I am reading about Ridge Regression in Machine Learning (in particular, the calculation of the empirical risk w.r.t. the square loss function) and do not understand the following step:
$$\frac{1}{n}\sum_{i=1}^{n}(\langle\vec{x}_i,\vec{w}\rangle-y_i)^2 = \frac{1}{n}(X\vec{w}-\vec{y}_i)^T (X\vec{w}-\vec{y}_i)$$
I tried to calculate the left side and got $$ \frac{1}{n}\sum_{i=1}^{n}(\langle\vec{x}_i,\vec{w}\rangle)^2-2(\langle\vec{x}_i,\vec{w}\rangle)\vec{y}_i+\vec{y}_i^2$$
But now I have no idea how to continue and I am not sure whether I am on the right track or not!
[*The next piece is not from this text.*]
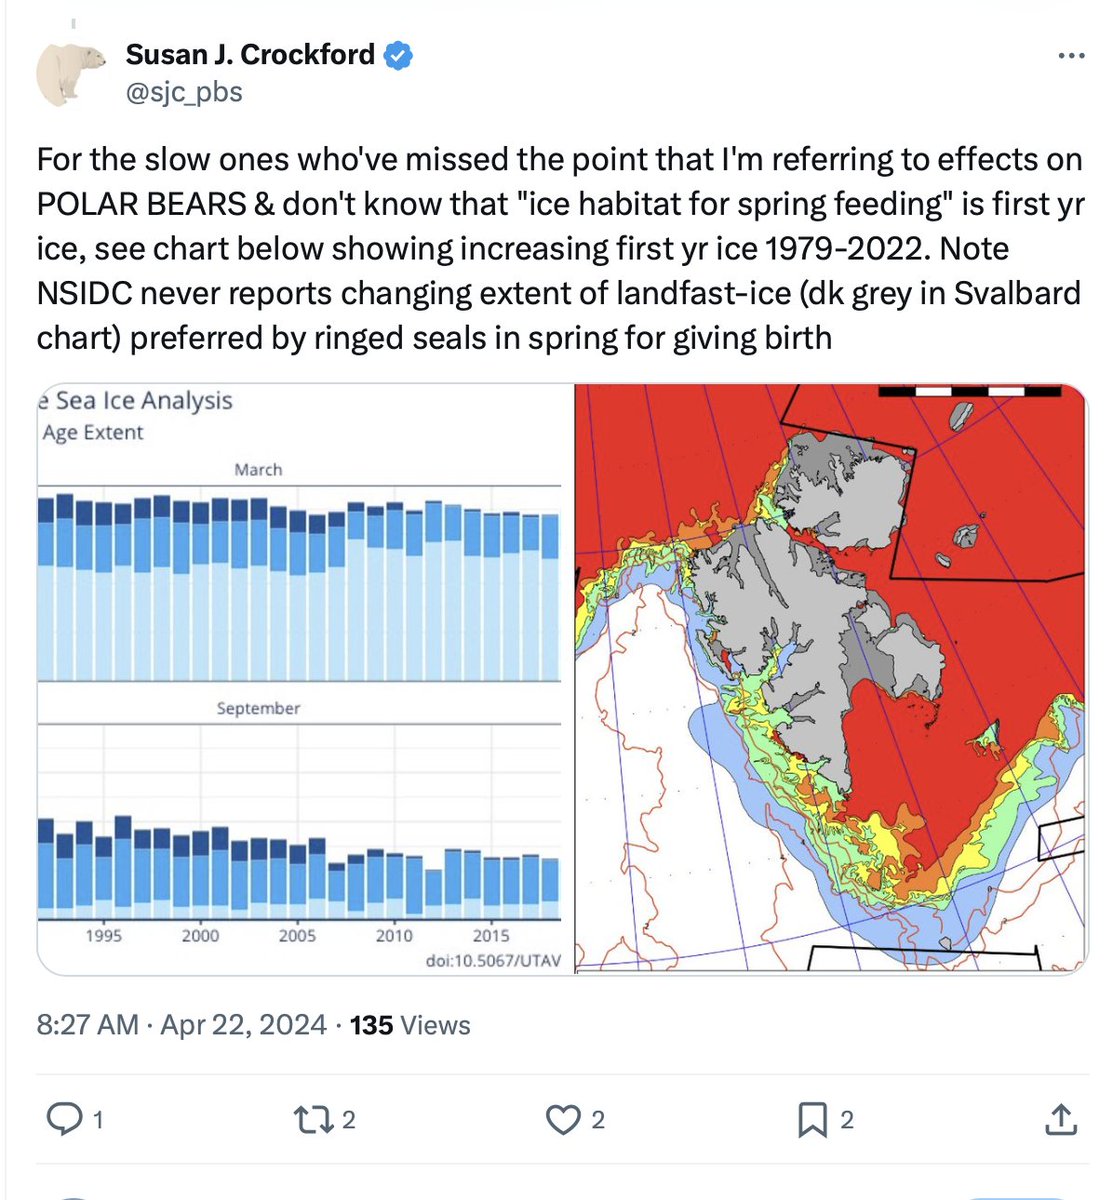 I was sent this armchair biologist 'insight'. More annual ice does nothing for polar bears if it's over water >200 m which much is: multiyear to annual ice over Polar Basin. Landfast ice isn't preferred by ringed seals => wrong. Very wrong in Hudson Bay with little landfast.

There is no need to expand the LHS. Just note that $$X\vec{w} = (\langle \vec{x}_1, \vec{w}\rangle, \ldots, (\langle \vec{x}_n, \vec{w}\rangle)^T\\ z^Tz = \langle z, z \rangle = \sum \limits_{i = 1}^n z_i z_i = \sum \limits_{i = 1}^n z_i^2$$ where $\vec{x}_i$ are the row vectors of $X$.